From this criticism of the press and their performance in keeping the American public informed, Hedges moved on to discuss war itself and the illusions people hold about it.

“We falsely believe that because we have the capacity to wage war, we have the right,” he said. “We live on images and slogans that perpetuate fantasies of our own invulnerability, goodness and mite.”

Hedges said that America is partially responsible for the manner in which the 9/11 attacks were executed.

“The attacks on the World Trade Center illustrate that those who oppose us have been schooled well in modern warfare,” he said. “The dramatic explosions, the fireballs, the victims plummeting to their deaths, the collapse of the towers in Manhattan were straight out of Hollywood.
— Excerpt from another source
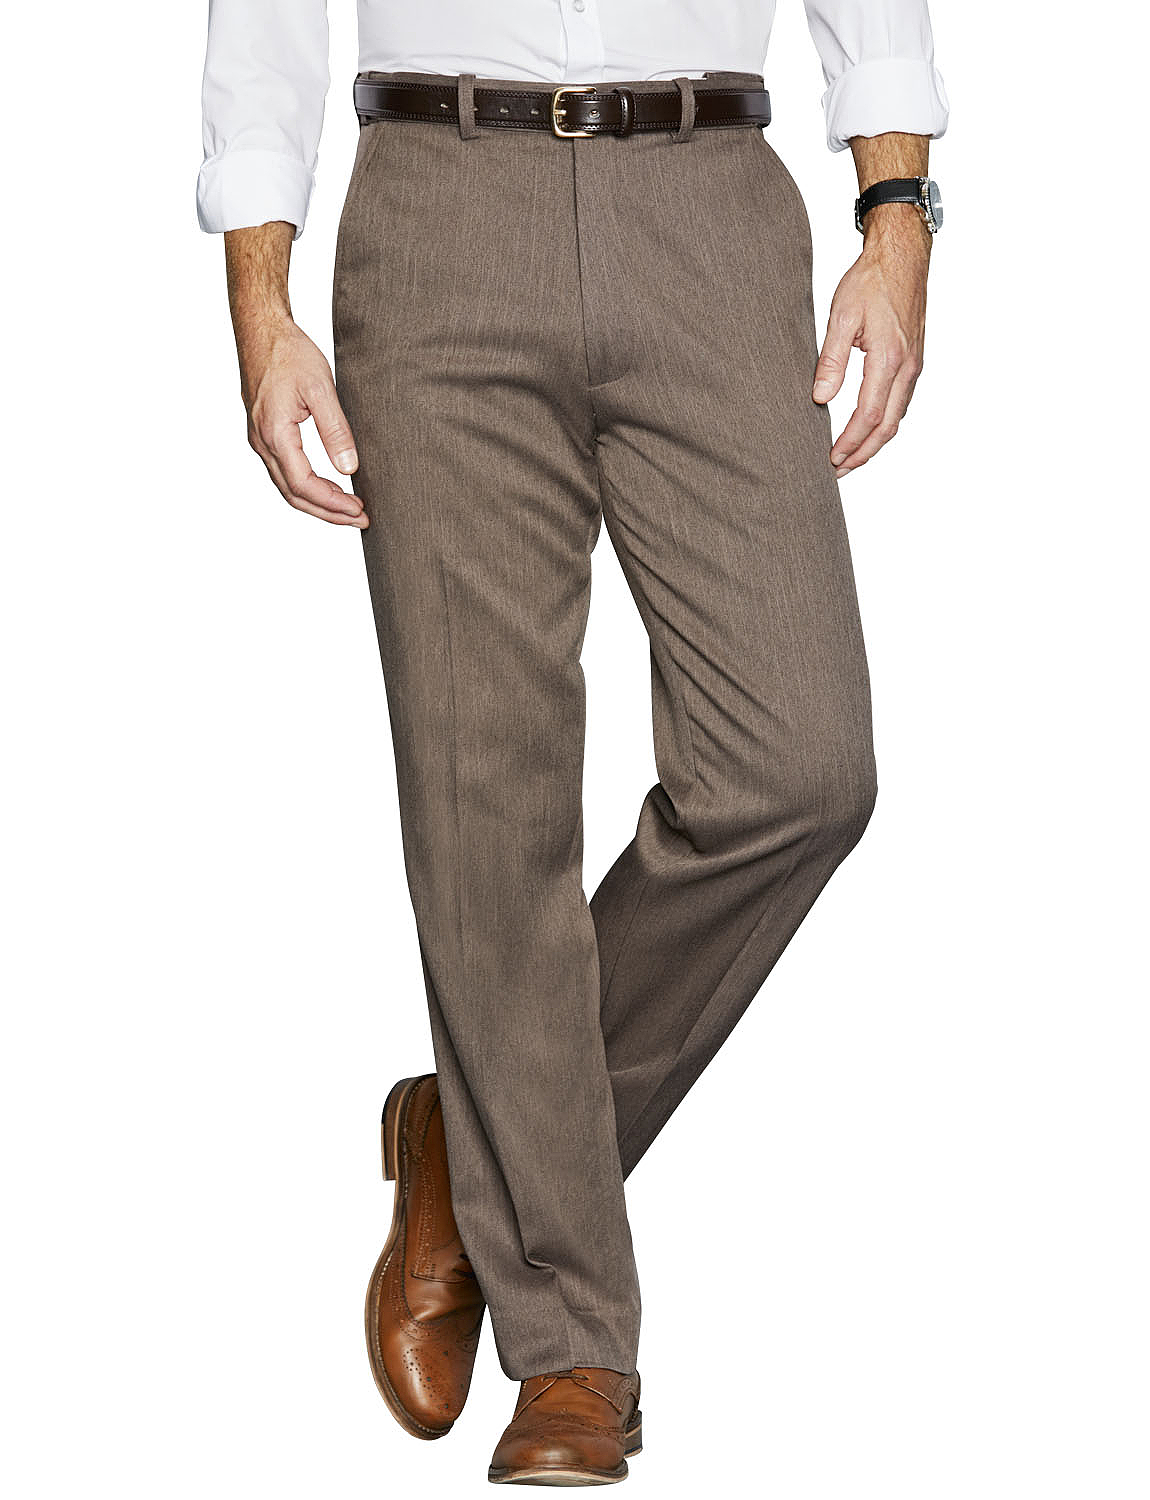 Chums Mens Brushed Warm Handle Formal Trouser Pants

They have mastered the language we have taught them. We leave the same calling cards.”

Hedges then went on to examine the core of what war is.

“The essence of war-death, is always hidden from public view. War is the pornography of violence. It has a dark beauty,” he said. “War allows us to engage in lusts and passions that are hidden in the deepest interior of our fantasy lives, and to yield the power of divine ability, to end someone’s tenure on the earth.”

War also has the power to inject meaning into people’s lives.

“It gives us a distorted sense of self and allows us to rise above the small stations of life,” he said. “Those who have the least meaning in their lives are all susceptible to wars appeal.”

The ability of war to provide people purpose leads it to wield an addictive power.

“War is addictive; it is the most potent narcotic invented by the human mind,” he said. “You would rather die [in it] than go back to dull routine.”

However, once they have spent an extensive amount of time in combat, Hedges said soldiers can become desensitized to violence, thereby heightening the level of war atrocities.

“There becomes a boredom with routine death, and I have seen bodies crucified on the sides of barns,” he said.

Hedges described war as, among other things, self-destructive and insidious. Like Freud, Hedges believes that war is part of the innate human impulse to annihilate and thus war itself can never be annihilated.

“War is necrophilia,” he said. “Love is the most potent enemy of war. Love may not always triumph, but it keeps us human. It is perhaps the only antidote.”

The lecture was sponsored by the Office of the Provost at Ithaca College.